Grande crevette pouvant atteindre 22 cm
Bord de l'éventail caudal bleu ciel
Corps beige avec bandes transversales sombres, formant des taches séparées sur le côté du corps
Rostre court dépassant peu les yeux
Trois premières paires de pattes avec petites pinces
Caramote, caramot, caramota, crevette caramote, crevette du Maroc, crevette rose de la Méditerranée, crevette royale, crevette tigrée, gros ligouban, gros ligubam.
Caramote prawn, triple grooved shrimp (GB), Mazzancolla, gambero imperiale, gamberone mediterraneo, spannochio (I), Camarón langostino español, langostino, llagostí (E), Furchengarnele, Furchenkrebs, Roter Furchenkrebs, Caramote (D), Caramotegarnaal (NL), Camarão, caramote, gamba-manchada, camarão-de-quarteira (P), Garída (Grec), Karides, tèke, karides türü (Turc), Penon telat-harizi (Israël), Gembri kbir, gambri malaki (Arabe : Tunisie), Gamba rodché (Algérie), Tiger shrimp, striped shrimp (noms anglais utilisés en Afrique occidentale).
Cancer kerathurus Forskål, 1775
Melicertus kerathurus (Forskål, 1775)
Melicertus tigrinus Rafinesque-Schmaltz, 1814
Penaeus trisulcatus Leach, 1815
Penaeus caramote (Risso, 1816)
Manche, Atlantique, Méditerranée
Zones DORIS : ● Europe (côtes françaises), ○ [Méditerranée française]La caramote se rencontre dans l'Atlantique oriental. Elle a été rarement signalée au sud de l'Angleterre. Elle est plus courante de l'Espagne jusqu'au nord de l'Angola, y compris au Portugal, sur la côte atlantique du Maroc et de la Mauritanie. Elle est présente dans toute la Méditerranée, y compris la mer de Marmara.
La caramote Penaeus kerathurus est une espèce démersale*, vivant dans les régions côtières ou dans les eaux saumâtres*, sur des fonds de sable ou sablo-vaseux, généralement à des profondeurs de 0,5 à 90 m, le plus souvent entre 5 et 40 m.
Exceptionnellement, l'espèce a été signalée à des profondeurs variant entre 100 et 640 m dans le détroit de Sicile.
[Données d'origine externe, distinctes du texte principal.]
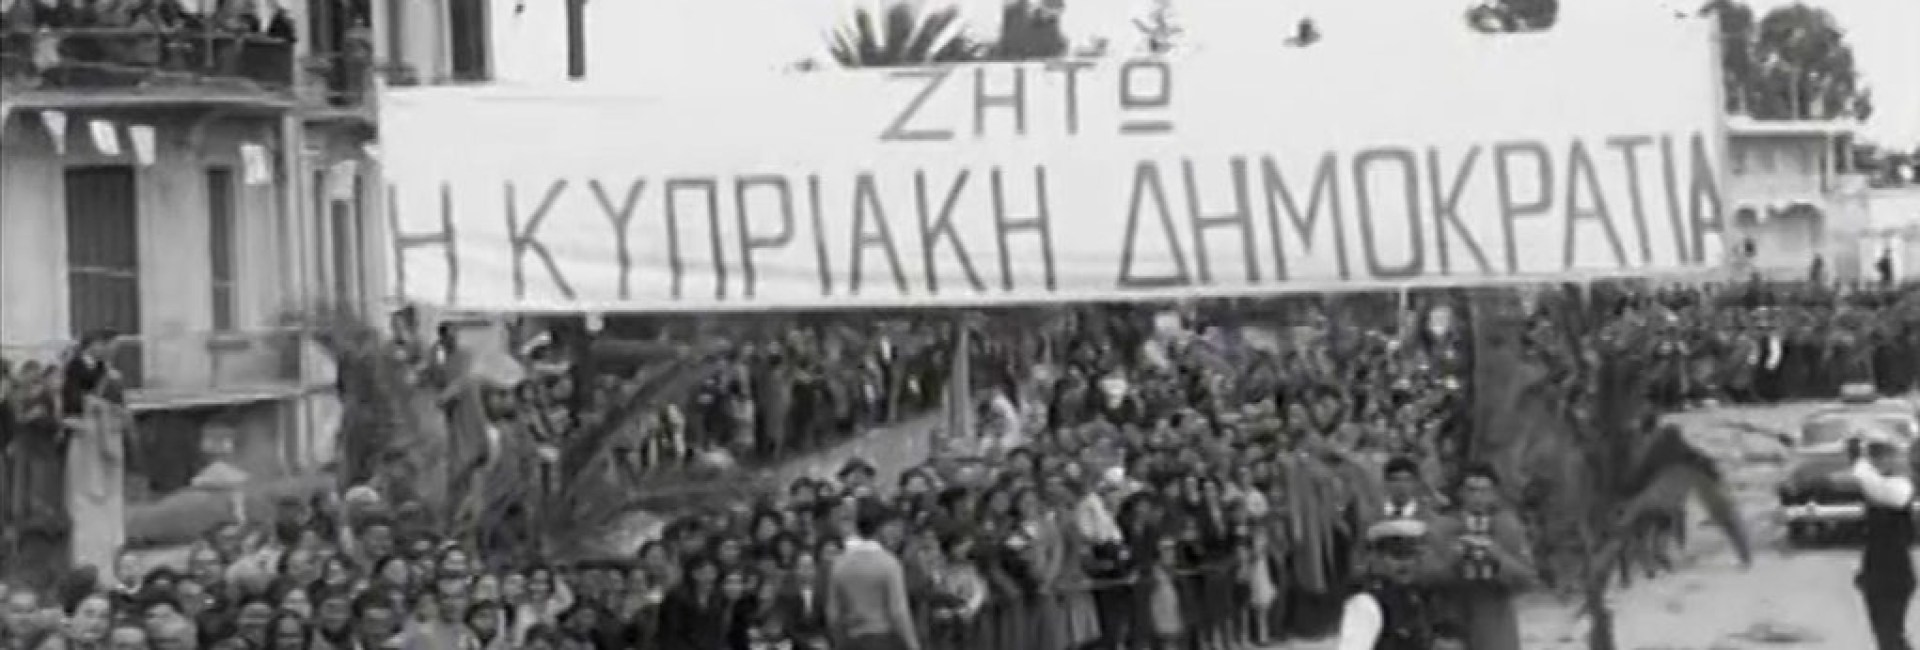 1η Οκτωβρίου: Επέτειος Κυπριακής Ανεξαρτησίας

Cette crevette est de grande taille : la longueur totale, de la pointe du rostre* à l'extrémité du telson* est au maximum, chez les mâles, de 18 cm (habituellement 11 à 14 cm) et chez les femelles de 22,5 cm (habituellement 13 à 17 cm).
La couleur générale de l'animal est beige. Sur le côté, les bandes sombres forment des taches séparées.
L'extrémité de l'éventail caudal est bleu ciel, bordé de soies rouges.
Les appendices sont plutôt jaunes. Les trois premières paires de pattes marcheuses sont terminées par une petite pince.
Le telson est pointu et muni de trois épines mobiles de chaque côté.
Latéralement, le premier segment abdominal recouvre le deuxième.
Le rostre est court et dépasse à peine les yeux ; il porte huit à treize dents dorsales et une seule ventrale.
Certains détails d'ornementation de la carapace, observables surtout en laboratoire, sont très utilisés en systématique :
En arrière de la dernière dent dorsale, il y a une carène double avec un sillon médian profond et typique s'étendant jusqu'au bord postérieur de la carapace ; une longue crête s'étend parallèlement jusqu'au rostre.
Sur la région hépatique il y a une crête en direction antéro-ventrale ; la crête gastro-frontale est présente. L'abdomen possède une carène dorsale sur tous les segments, et se termine par une épine sur le sixième segment.
En Europe, la caramote peut être confondue avec le crevette japonaise Penaeus japonicus. Chez cette dernière les bandes sombres sont continues transversalement sur les quatre premiers segments abdominaux, ce qui n'est pas le cas chez la caramote.
La caramote est un prédateur actif et à faible sélectivité concernant ses proies. Elle a un régime alimentaire diversifié, et consomme principalement des mollusques, des crustacés et des polychètes.
Certaines études laisseraient à penser que cette espèce change de sexe au cours de sa vie. Elle serait donc hermaphrodite* protandrique* (d'abord mâle la première année et femelle ensuite), mais ceci n'est pas réellement prouvé. Un fort pourcentage de femelles arrivent à maturité de mai à juillet dans la mer Egée. On reconnaît que la femelle est mûre par observation de l'ovaire qui est gonflé et coloré en beige-verdâtre et est visible dorsalement par transparence dans l'animal. Les femelles les plus âgées ont une ponte plus précoce que les plus jeunes.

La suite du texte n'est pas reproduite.